Saturday, May 1, 2021

Adventures in Florida Real Estate Part 1

My brother recently sold his house in Los Angeles and moved to Miami. In the interest of keeping his privacy, let's just say his profit was 12 chocolate chip cookies, 2 apple pies, 16 fudge brownies, 19 blueberry muffins and a 6 cases of Maker's Mark.

Darwin* and his wife are now buying a home in Miami. Last week they put in an offer and managed to get the winning bid. His agent came from a friend of my sister-in-law's family who live in New York City and, like all good Italians, "know people." That agent, missing the obvious implication that a ready, willing and able buyer who was about to be homeless and just fell into his lap and passed Darwin and his wife off on Lindsay, a 24 year old new agent. 

Darwin's baseline is easy-going and low-key Type B. Except this week. You see, Darwin is buying a home in the frenzied Miami market. When he called me last Sunday, he was psyched. His agent found him "the" house on their first day looking.  
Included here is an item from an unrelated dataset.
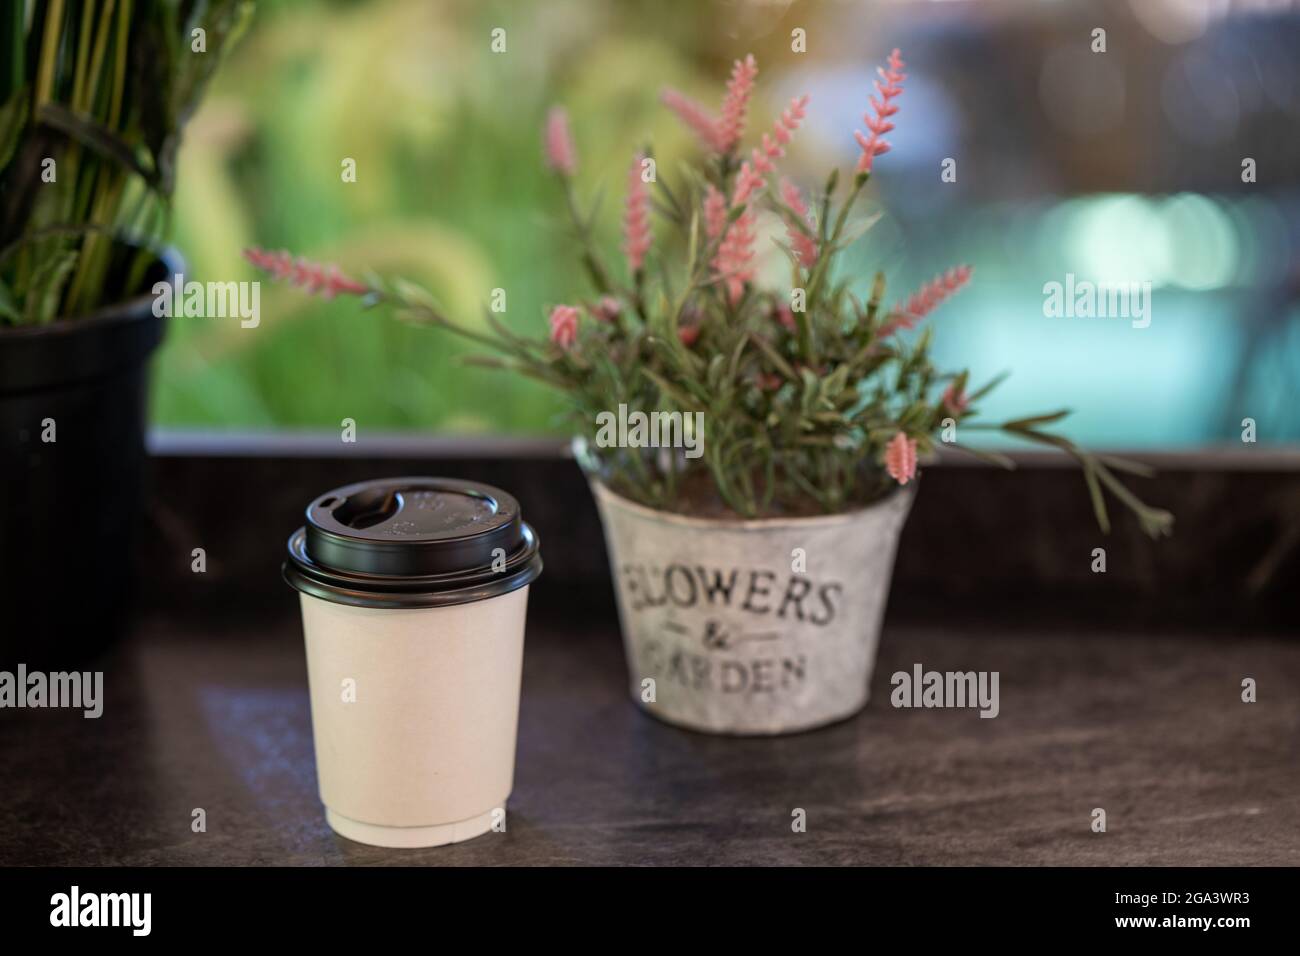 Tasse Kaffee neben einer Blumentopf auf dem Tisch Stockfotografie - Alamy

Now then, what should he offer? As I don't know Florida real estate and I would like to keep my license, I told him that he should ask his agent.  
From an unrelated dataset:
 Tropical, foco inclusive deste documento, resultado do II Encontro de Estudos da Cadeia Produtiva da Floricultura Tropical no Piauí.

His agent said she didn't know what he should offer either. Perhaps what would be best is if Darwin,  "sleeps on it" to decide whether or not they wanted the home. Darwin, the enterprising sort, did not want to sleep on it and possibly lose out on this house. So, he called his fabulous Los Angeles agent who got him the bakery and liquor store profit and helped him word the offer. Lindsay was so impressed by the California agent's verbiage, she stole it and hence, a contract was written.

There were seven offers on the house. The seller countered back to two of them. Darwin was the winner. However, Lindsay did not explain the contract to my brother and sister-in-law. From what I understand, she basically sent him a docusign and told him that if he wanted the house he would agree to whatever the terms were, and sign here. 

And now, our story starts. 

To be continued.  

*Darwin doesn't know this blog exists. If he did, he would kill me for using his childhood nickname. However, my other brother's childhood nickname was "Squirrel," so Darwin got the better end of the deal.